Hackers withdrew $265 000 from Kyber Network’s liquidity protocol

What’s new? On September 1, Kyber Network’s DeFi liquidity protocol was subjected to a hacker attack that resulted in attackers withdrawing about $265 000 in cryptocurrency. According to the company’s announcement, the vulnerability originated in the frontend of the KyberSwap exchange, after which the developers suspended its operation to investigate. The project team promised to reimburse the amount of funds lost.

1/ ❗️Notice of Exploit of KyberSwap Frontend:We identified and neutralized an exploit on the KyberSwap frontend. Affected users will be compensated. We have summarized the details in this thread⬇️— Kyber Network (@KyberNetwork) September 1, 2022

Details of the hack. Kyber Network developers reported that they were able to detect malicious code in the Google Tag Manager (GTM), which automatically approved transactions, allowing hackers to transfer user funds to their addresses.

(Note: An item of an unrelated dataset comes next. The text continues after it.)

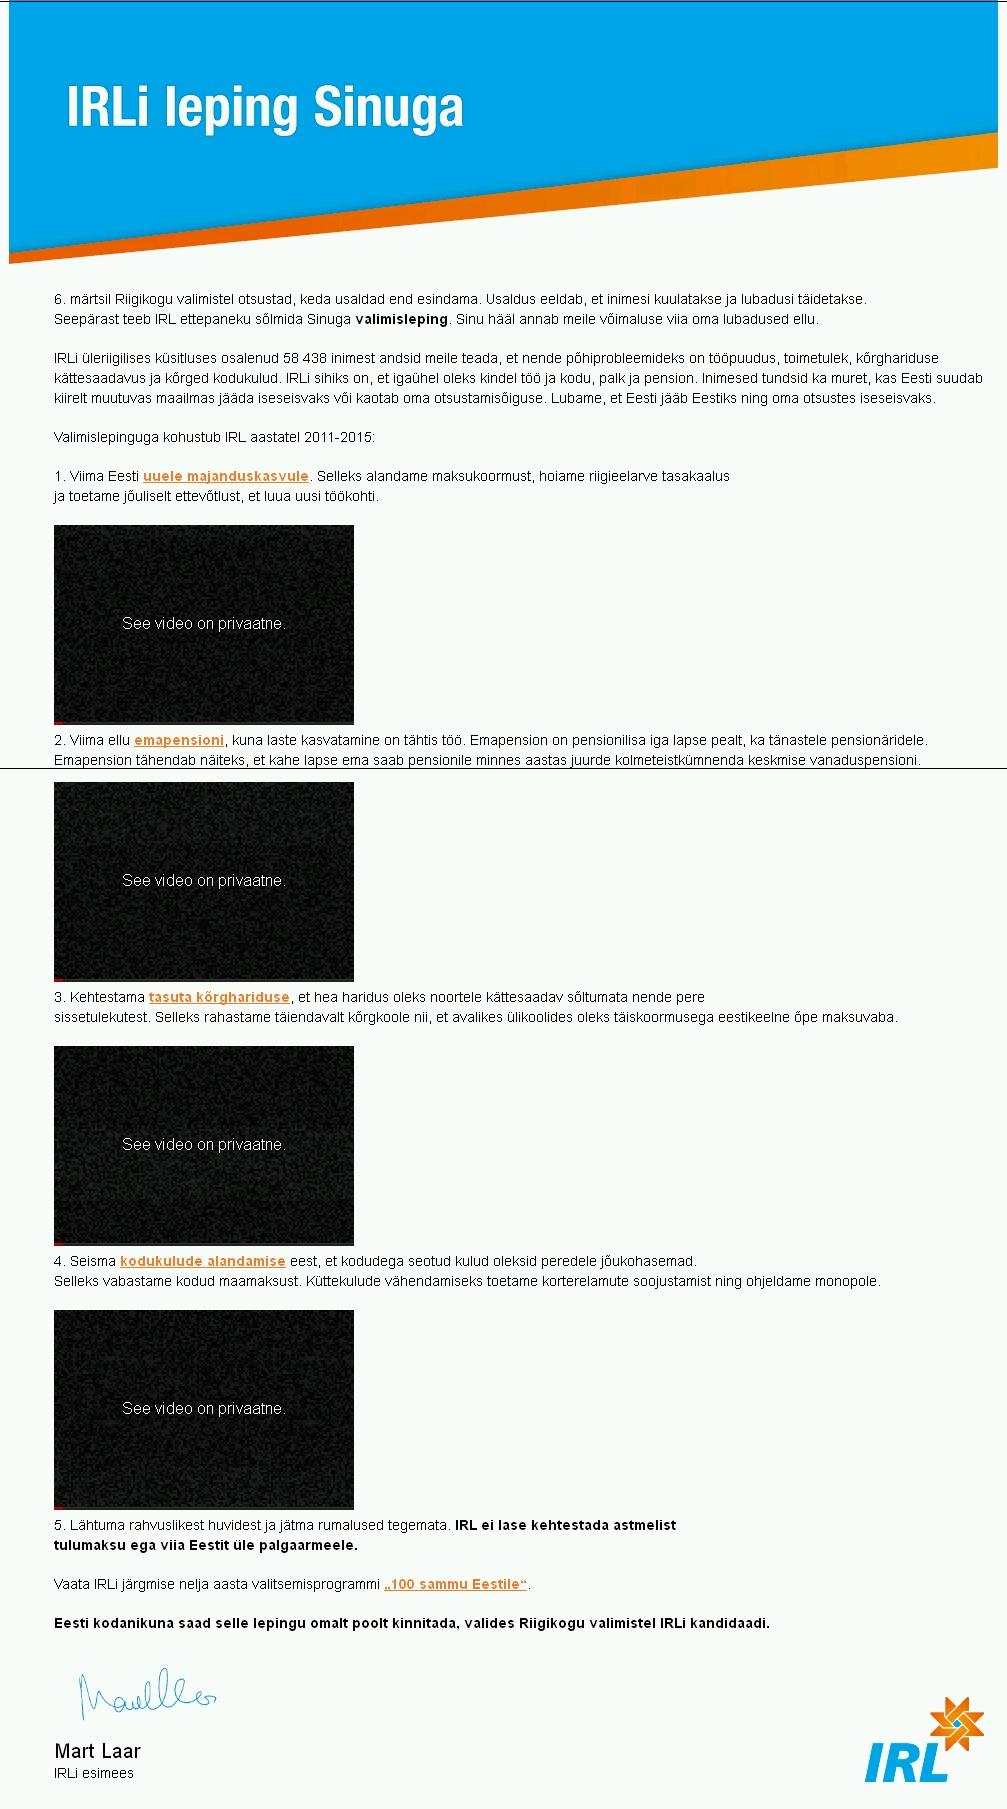 IRL-i leping valijaga on rikutud, videod on pandud paroolide taha. Ekraanipilt 28. september 2012 seisuga.

After disabling the user interface, the project team managed to fix the vulnerability and user funds are now safe. In this, Kyber Network noted that the embedded script was aimed at the wallets of large investors with large amounts of money in their accounts.

What is Kyber Network? It is a multi-chain DeFi protocol for trading cryptocurrencies and providing liquidity. Kyber provides connectivity between various blockchains and other liquidity protocols. The project is managed by its own decentralized community, KyberDAO, and has the native token KNC. As of September 2, 10:10 UTC, the asset is trading at $1,78, and the token gained 3,74% in the past 24 hours, according to CoinMarketCap.

In August, Brazilian crypto lending platform BlueBenx blocked all operations after hackers withdrew $32 million from the protocol. However, users questioned the veracity of this report, as details about the hack were never released. The company also reported that it was laying off most of its employees.